Pero esto choca a su vez con el hecho de que muchas prostitutas prefieren trabajar en locales acondicionados, y como asalariadas, es decir, con lo que se conoce como proxenetas.

En realidad, como dices, el objetivo es aumentar la violencia machista, porque está cayendo y/o monopolizándose cada vez más en la inmigración (y ambas tendencias son contra-agenda).

Digresión:

El prohibicionismo lo permea todo porque la gente no sabe diferenciar ya lo correcto de lo incorrecto... y necesitan que se lo legislen.

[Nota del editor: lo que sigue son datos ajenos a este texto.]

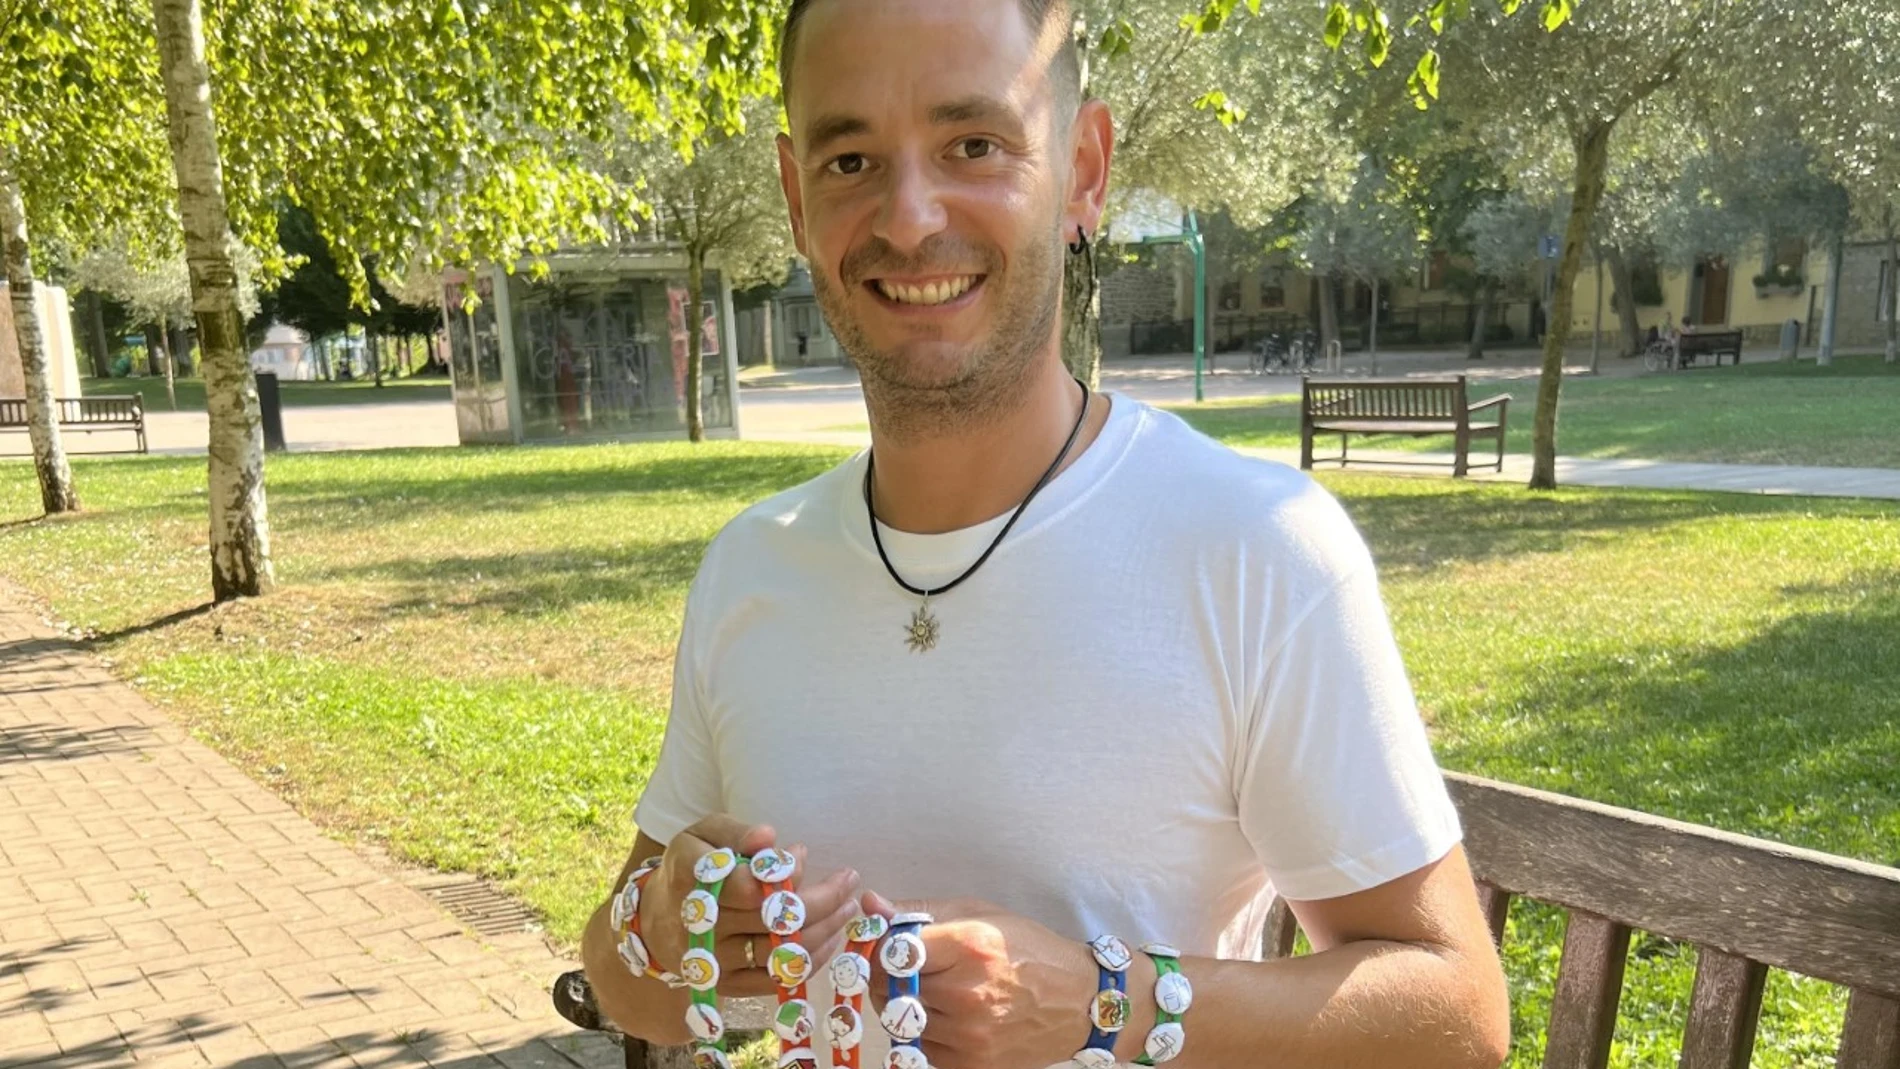 Jaime Brea, profesor del colegio Niño Jesús de Vitoria, posa con las pulseras que ha patentado
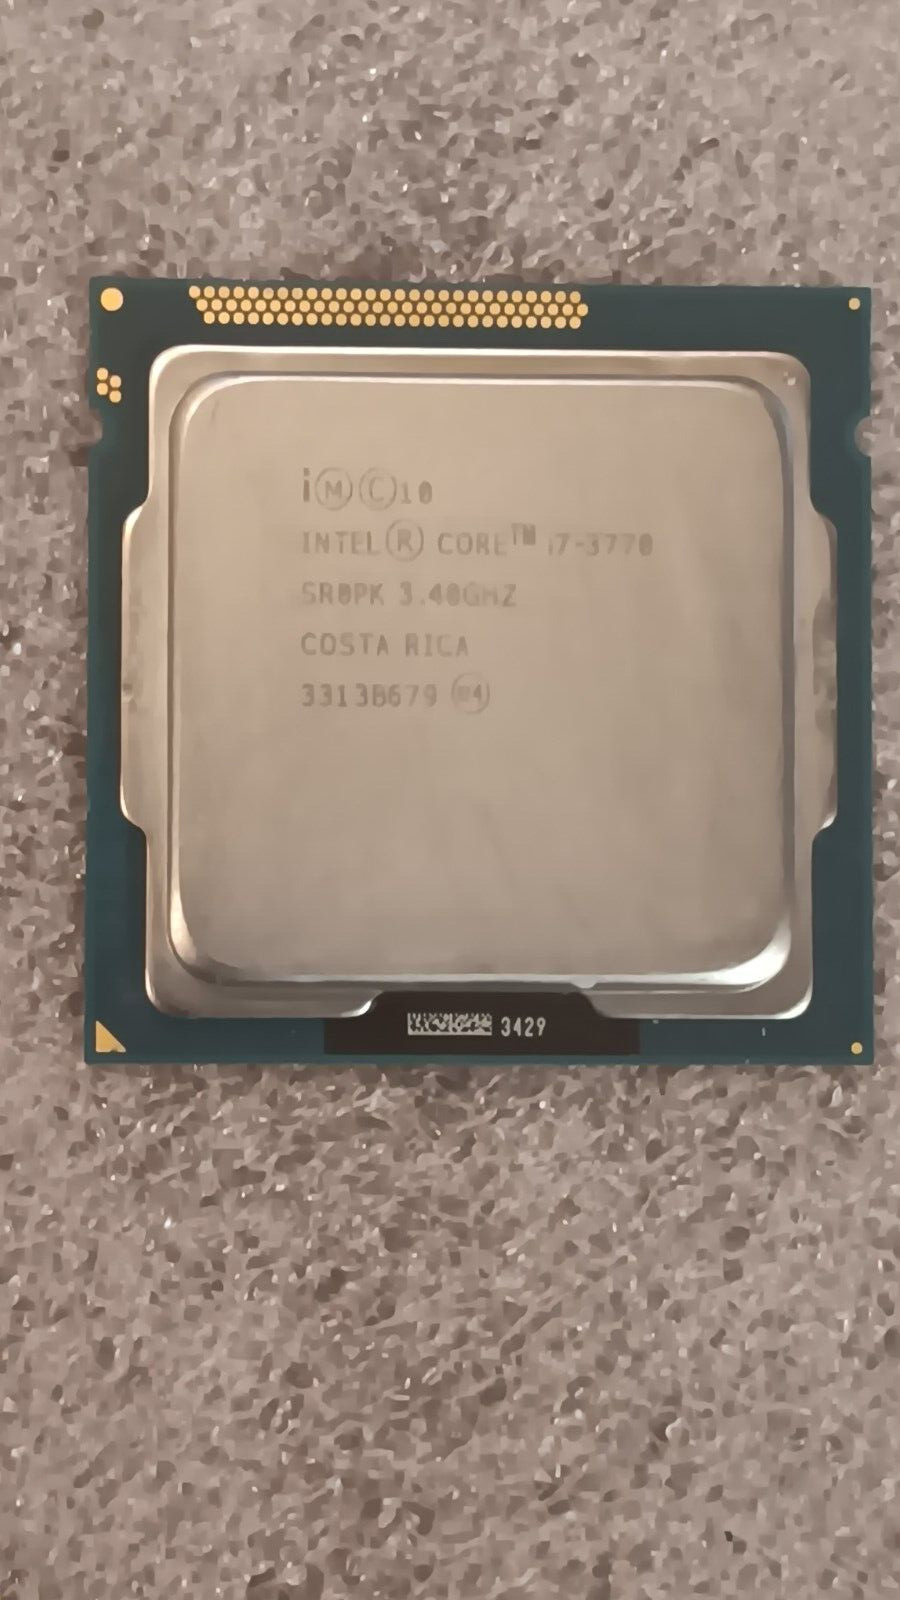 Intel Core i7-3770 CPU/Processor | 3.4GHz | Quad-Core | LGA 1150 | SR0PK

El MAL no se combate pretendiendo erradicarlo, sino haciendo el BIEN.... Porque cuando luchas de frente contra algo o alguien, éste se defiende, y se fortalece.... Obviamente no hablo de guerras, sino de ética y moral... Y es que, *a más leyes, menos moral*...

Y es que... precisamente lo que se consigue con las leyes es que se haga cierto lo que supuestamente se trata de impedir, esto es, que los humanos se embrutezcan.

¿Por qué las leyes embrutecen y envilecen?

A más leyes, menos moral (tanto del pueblo como de los jueces, de los legisladores... de todos)

Las leyes te invitan a obrar por miedo al castigo.... no por interiorizar la diferencia entre el bien y el mal... Y eso conduce, por tanto, a olvidar la moral como norma fundamental de existencia, y te conduce a ser amoral; y la amoralidad conduce, paradójicamente, a desenvolverte por la vida esquivando las leyes... El resultado final es que te ENVILECES... Por eso, a más leyes, más envilecimiento general... y por tanto, más excusa que tiene el ESTADO para promulgar más leyes... Más coerción y más represión. Más Jueces y más policías...

En el imperio de la ley la gente obra más por temor al castigo que por interiorizar el bien y la virtud, de modo que se ENVILECEN... Y un pueblo envilecido es precisamente lo que necesita el PODER, para así presentarse, cada día más, como necesario para que reine el orden... en una sociedad envilecida en la que todos luchan contra todos... la famosa sociedad HOBBESIANA (y stirneriana).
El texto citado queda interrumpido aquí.